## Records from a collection

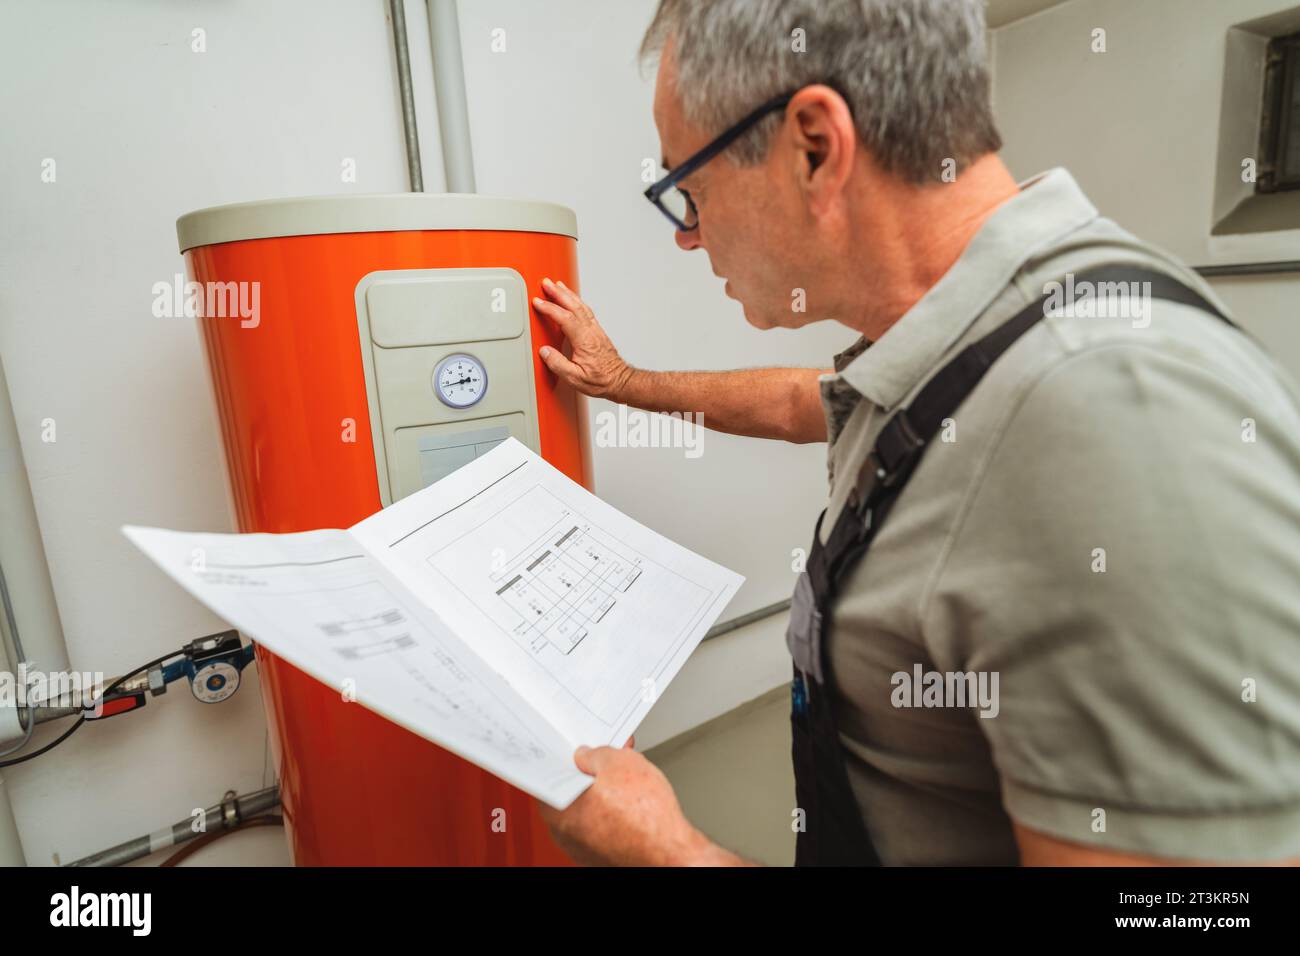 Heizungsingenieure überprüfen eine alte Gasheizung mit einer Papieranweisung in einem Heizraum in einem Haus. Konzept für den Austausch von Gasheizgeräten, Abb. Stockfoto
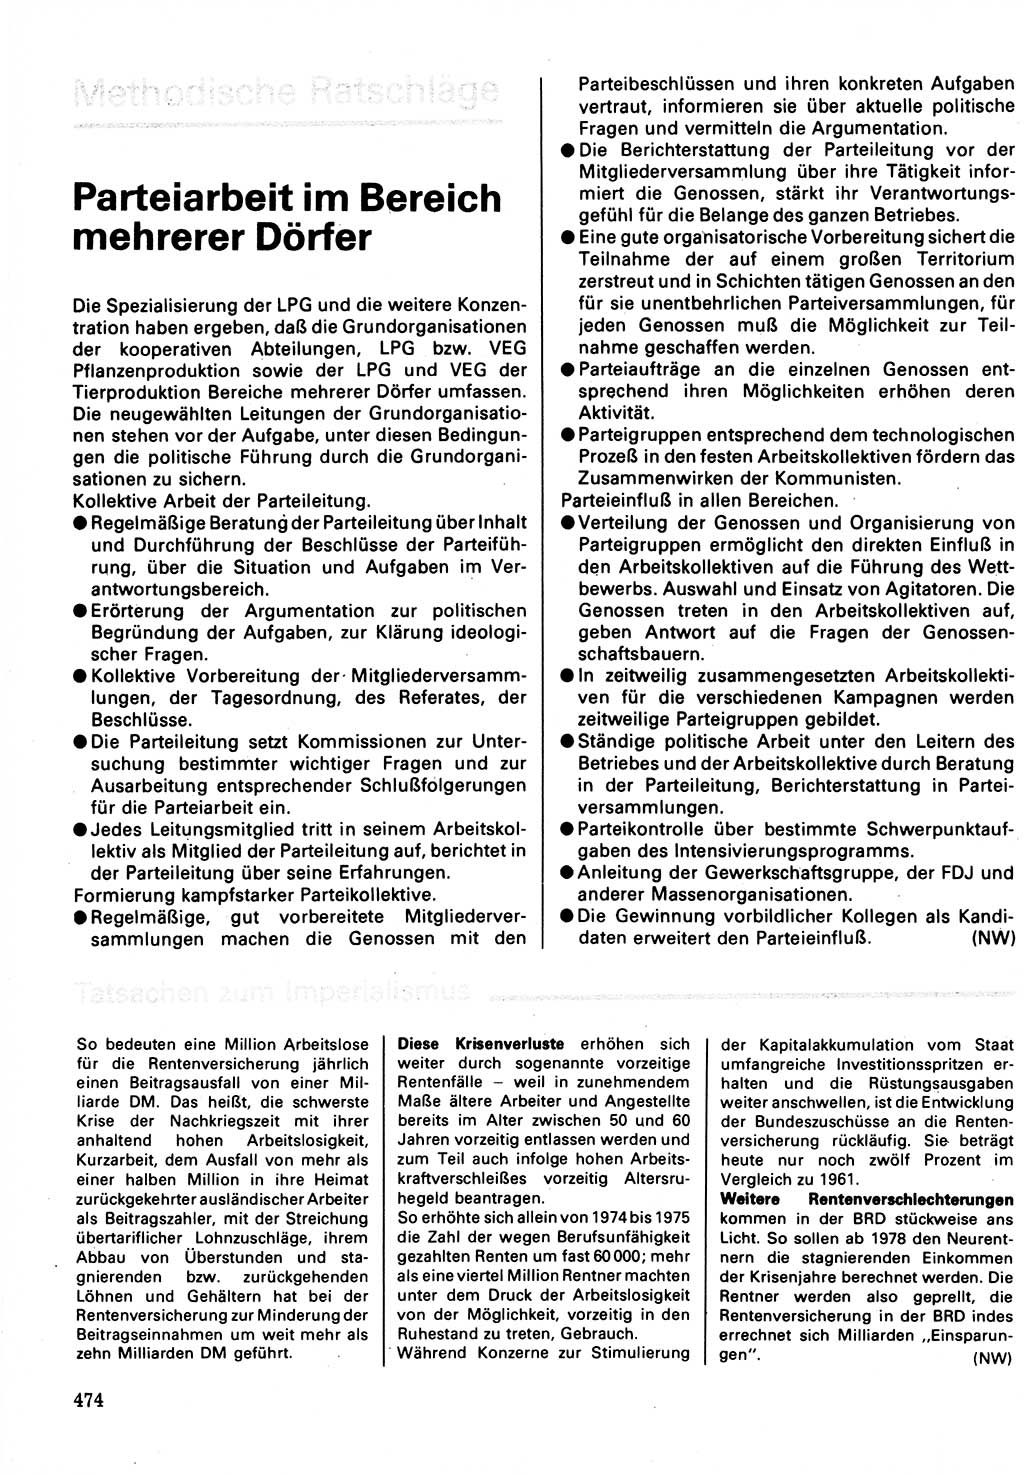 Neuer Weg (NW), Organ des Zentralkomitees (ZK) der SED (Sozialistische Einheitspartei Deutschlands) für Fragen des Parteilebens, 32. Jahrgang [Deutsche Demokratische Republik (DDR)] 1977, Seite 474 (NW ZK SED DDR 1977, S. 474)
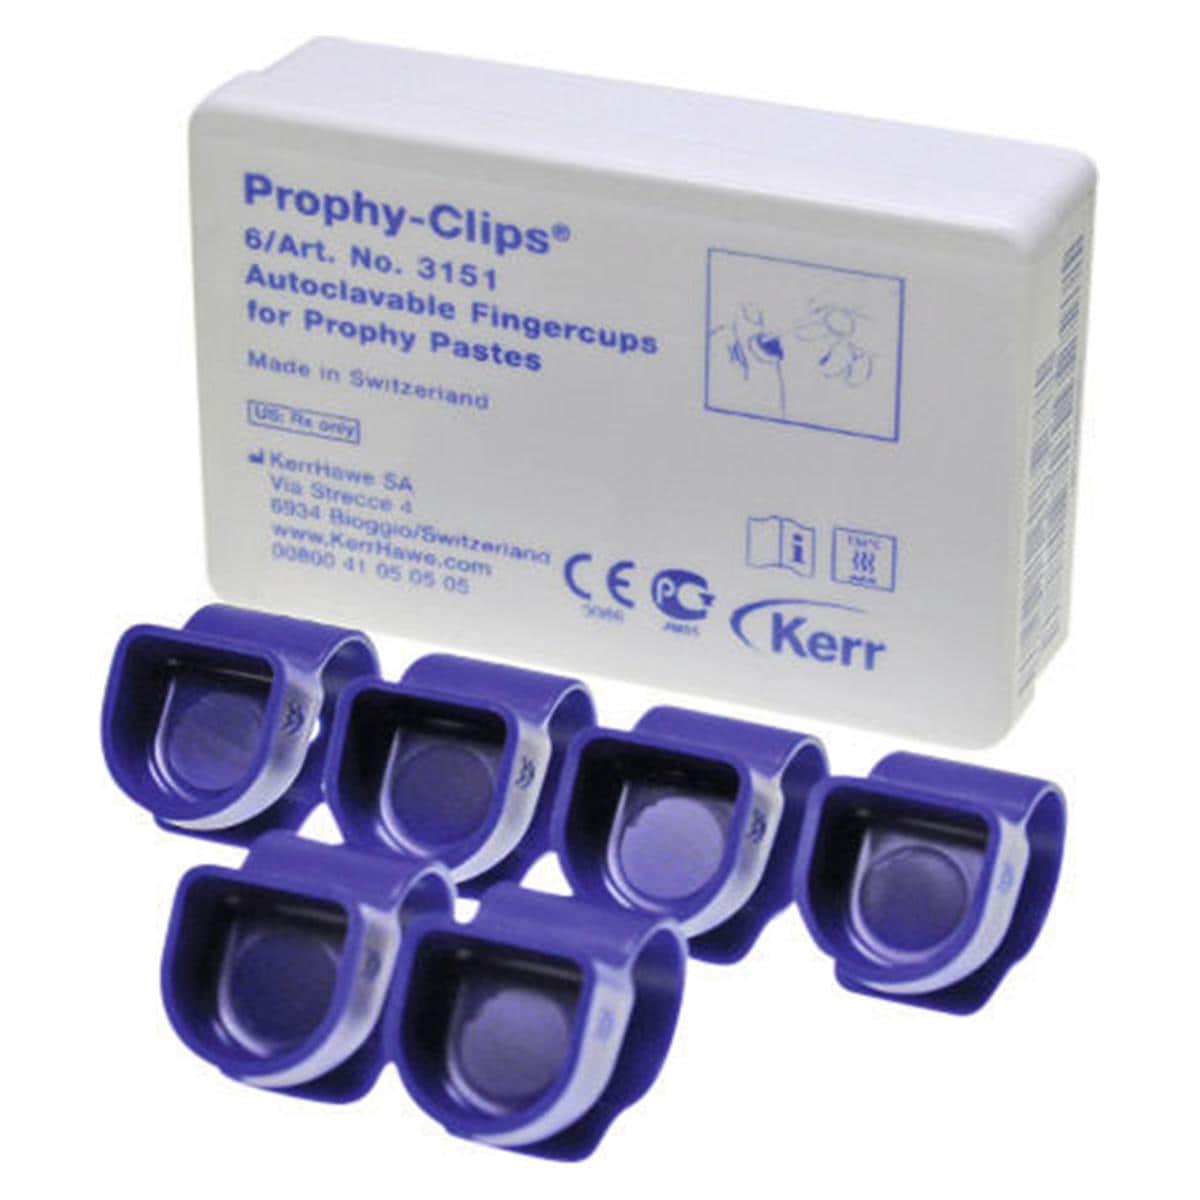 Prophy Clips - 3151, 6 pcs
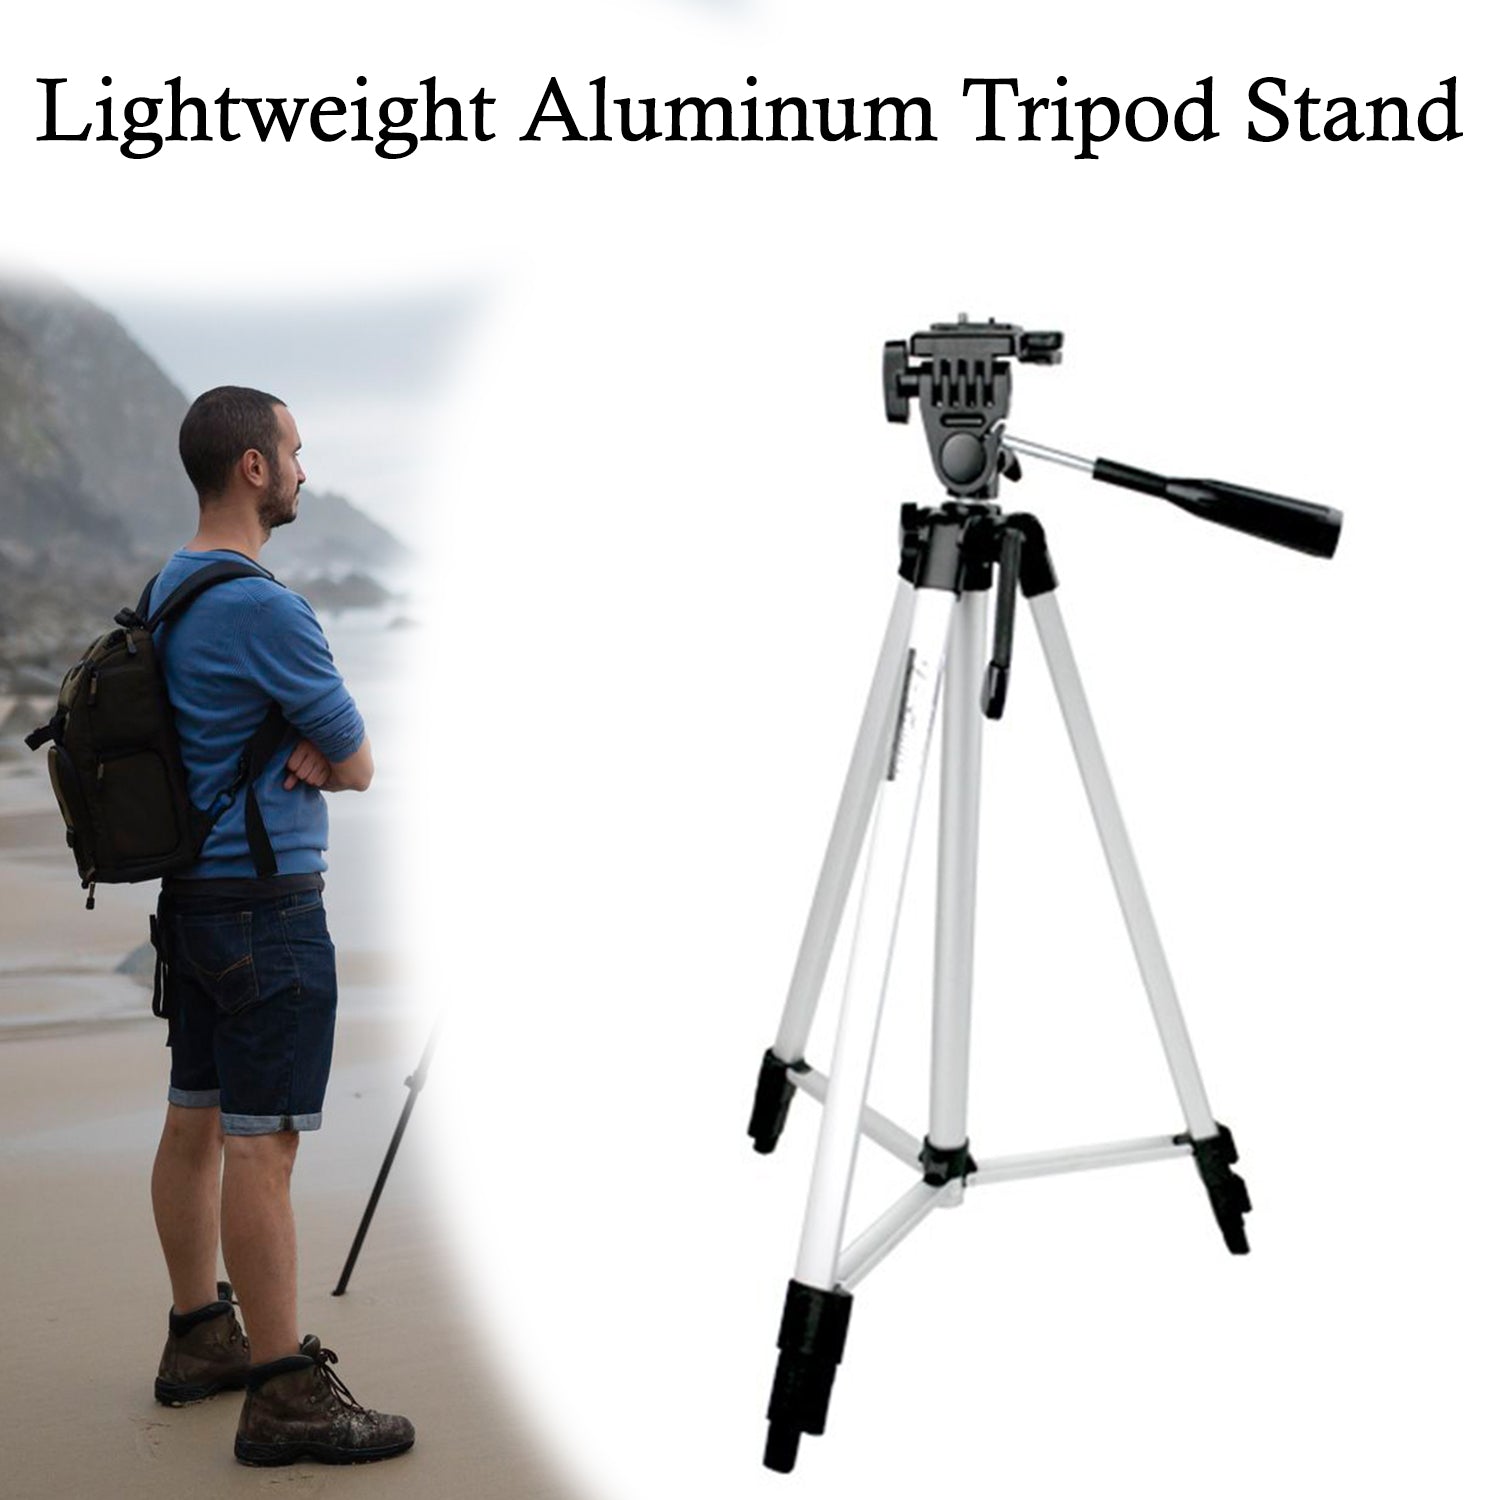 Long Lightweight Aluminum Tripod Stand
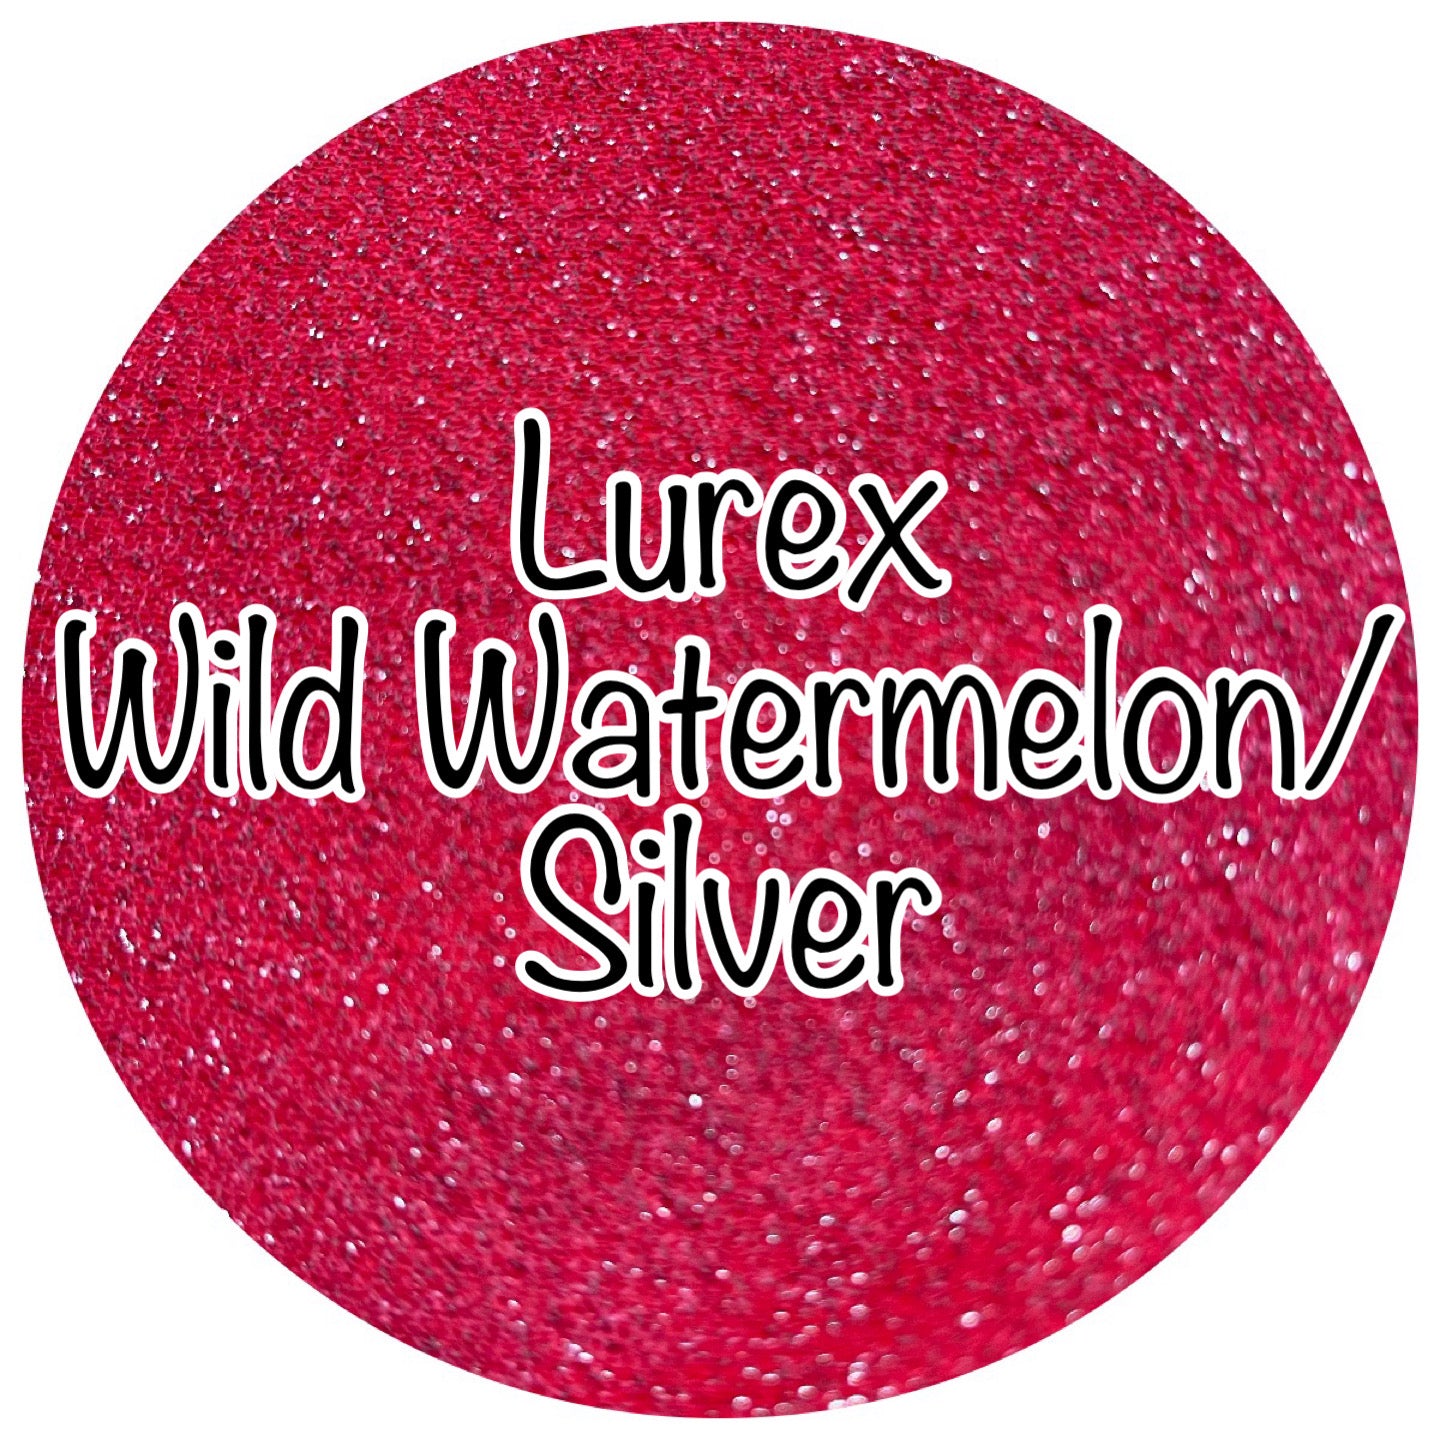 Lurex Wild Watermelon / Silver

## WHAT YOU SHOULD DO
Repeat the data in full, exactly as it stands, but drop every picture.

## ANSWER
 Heizungsingenieure überprüfen eine alte Gasheizung mit einer Papieranweisung in einem Heizraum in einem Haus. Konzept für den Austausch von Gasheizgeräten, Abb. Stockfoto
 Neuer Weg (NW), Organ des Zentralkomitees (ZK) der SED (Sozialistische Einheitspartei Deutschlands) für Fragen des Parteilebens, 32. Jahrgang [Deutsche Demokratische Republik (DDR)] 1977, Seite 474 (NW ZK SED DDR 1977, S. 474)
 Prophy Clips - 3151, 6 pcs
 Long Lightweight Aluminum Tripod Stand
 Lurex Wild Watermelon / Silver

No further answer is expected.